17. An operating system deployment apparatus, characterized in that, The device includes: The system recommendation module is configured to input the attribute information of the target server in the target environment into the system recommendation model running in the system deployment engine to obtain the system recommendation type. The target environment is the environment in which the operating system is deployed on the server. The system recommendation model is trained using the attribute information of the server with the operating system deployed in the target environment as a reference sample. The target server is connected to the computer on which the system deployment engine is deployed. The partition determination module is configured to determine a target partition result corresponding to the system's recommended type based on the historical deployment information of the system deployment engine. The target partition result is dynamically generated based on the server's system operating information using a partitioning algorithm invoked by the system deployment engine. The target partition result is configured to partition the server's storage resources. The system deployment module is configured to generate a system deployment scheme based on the system recommendation type and the target partition result, so that the target server can complete the installation of the operating system and the initialization of partition configuration based on the system deployment scheme.
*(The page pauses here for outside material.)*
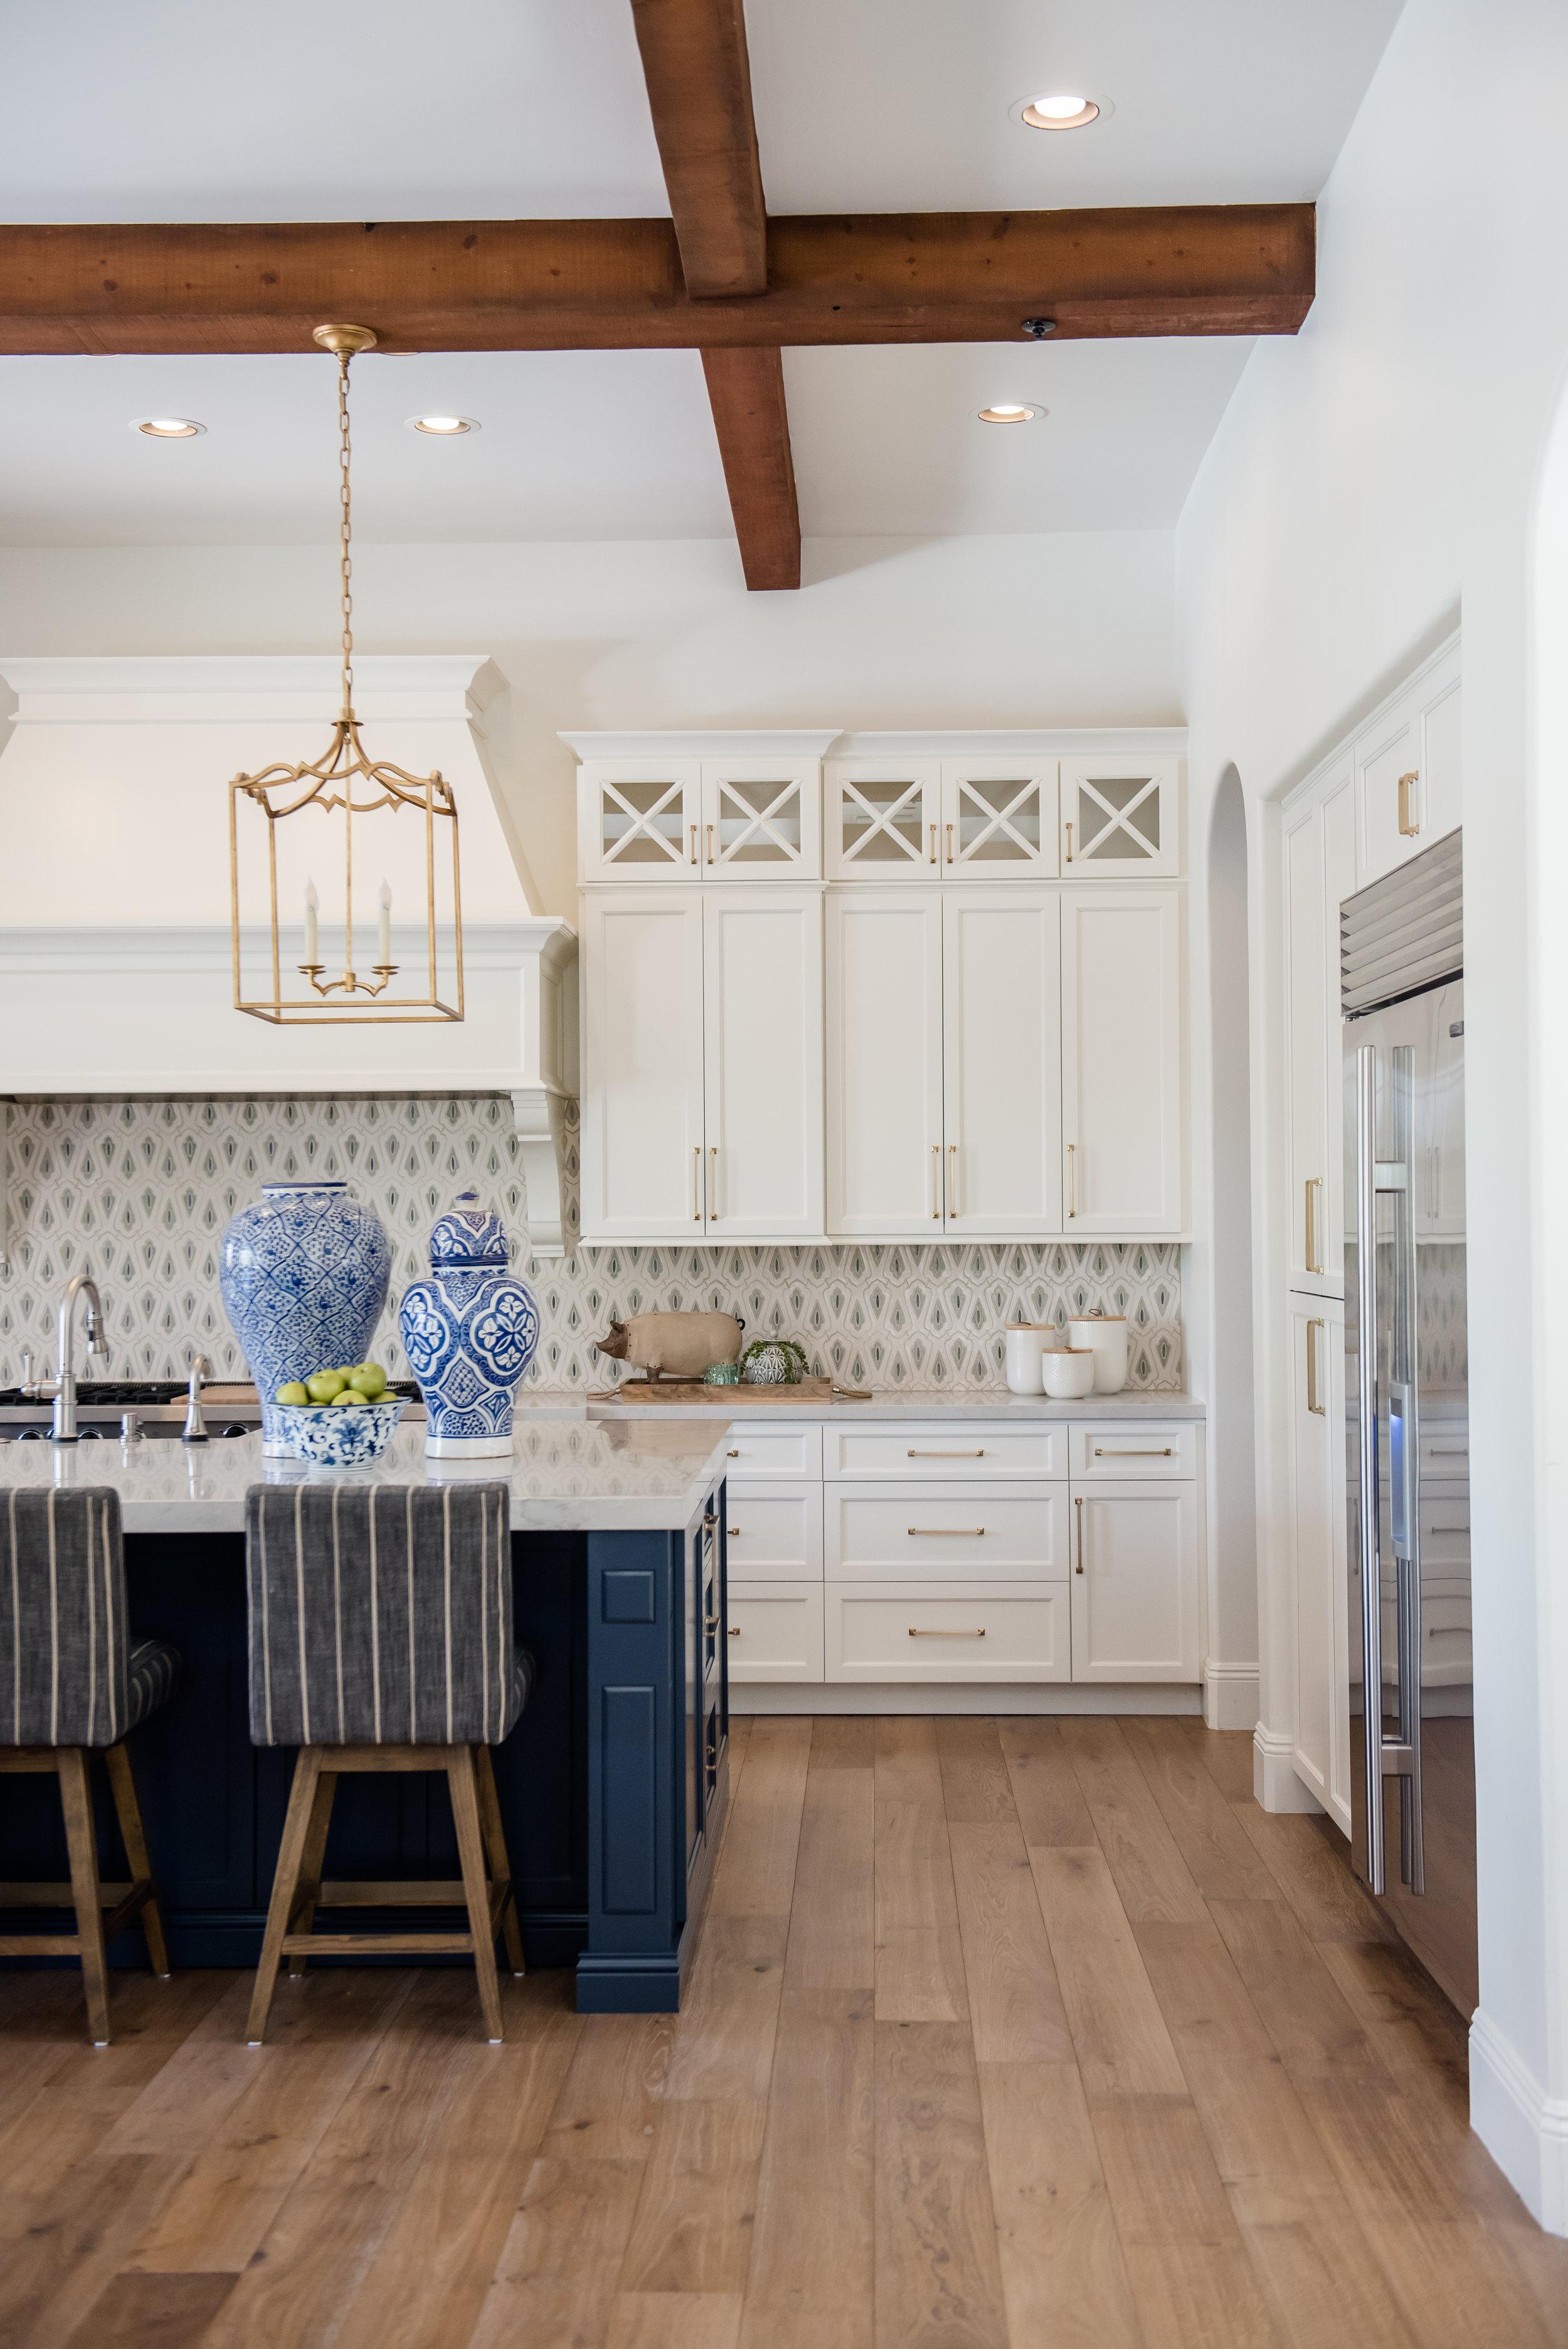 23a+kitchen+hood+pots+stripedstools+navyblueisland+backsplashtile+openshelves+pendants+brasslighting.jpg

18. An electronic device comprising: One or more processors; Memory, configured to store one or more computer programs, The characteristic feature is that the one or more processors execute the one or more computer programs to implement the steps of the method according to any one of claims 1 to 16.
19. A non-volatile readable storage medium having a computer program or instructions stored thereon, characterized in that, When the computer program or instructions are executed by a processor, they implement the steps of the method according to any one of claims 1 to 16.
20. A computer program product, characterized in that, It includes a computer program that, when executed by a processor, implements the method according to any one of claims 1 to 16.